Arkani-Hamed, Benincasa and Postnikov defined a cosmological polytope associated to a Feynman diagram in their study of the wavefunctions associated to certain cosmological models. By computing the canonical form of this polytope, one computes the contribution of the Feynman diagram to the wavefunction of interest. The theory of positive geometries tells us that one way to compute this canonical form is as a sum of the canonical forms of the facets of a subdivision of the polytope. For simple examples of Feynman diagrams, it is known that specific triangulations correspond to classical physical theories for these computations, but a general theory of triangulations of cosmological polytopes was left as future work.
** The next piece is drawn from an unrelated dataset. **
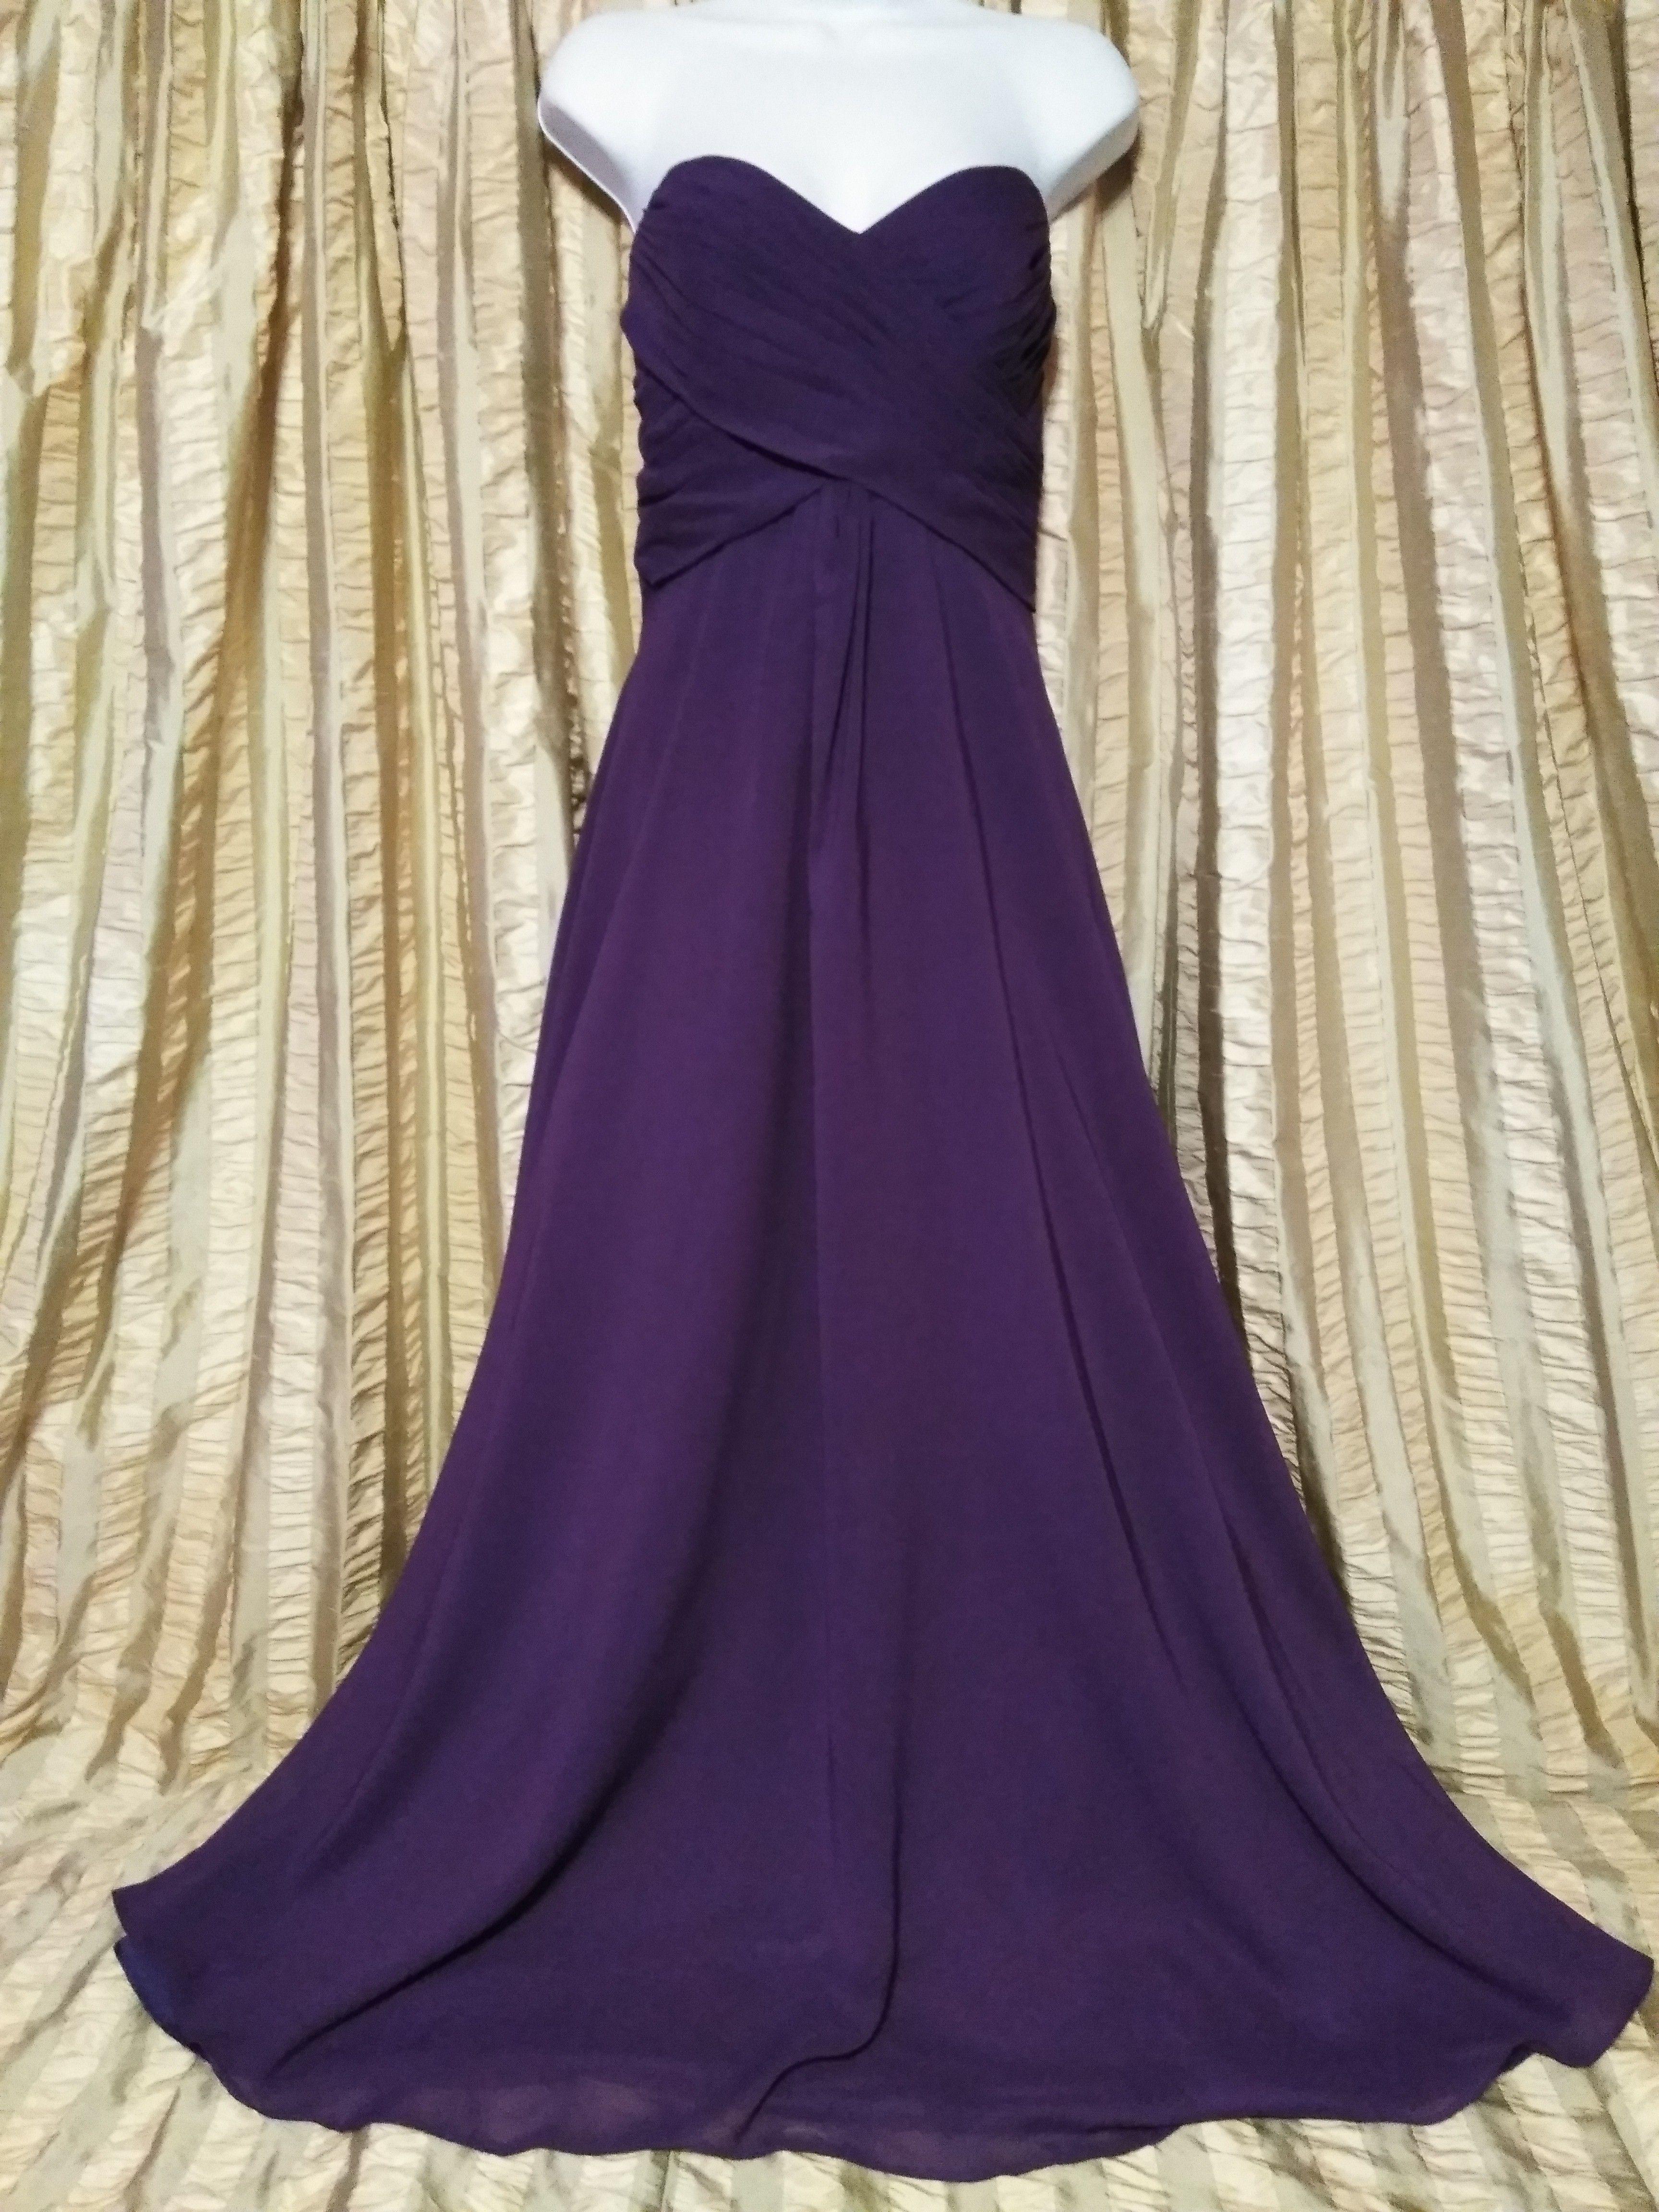 Allure Bridals Formal Purple Strapless Bridesmaid Dress - Size 12 ...

In this talk, we will discuss an algebraic approach to this theory based on Gröbner bases. We will see that every cosmological polytope admits families of regular unimodular triangulations whose facets can be understood graph theoretically. We characterize the facets of these triangulations for certain families of Feynman diagrams, including trees and cycles. In addition to providing possible new physical theories for the computations of the associated wavefunctions, these results also allow us to recover combinatorial information about these polytopes, such as normalized volumes, extending some recent results of Kühne and Monin.

This talk is based on joint work with Martina Juhnke-Kubitzke and Lorenzo Venturello.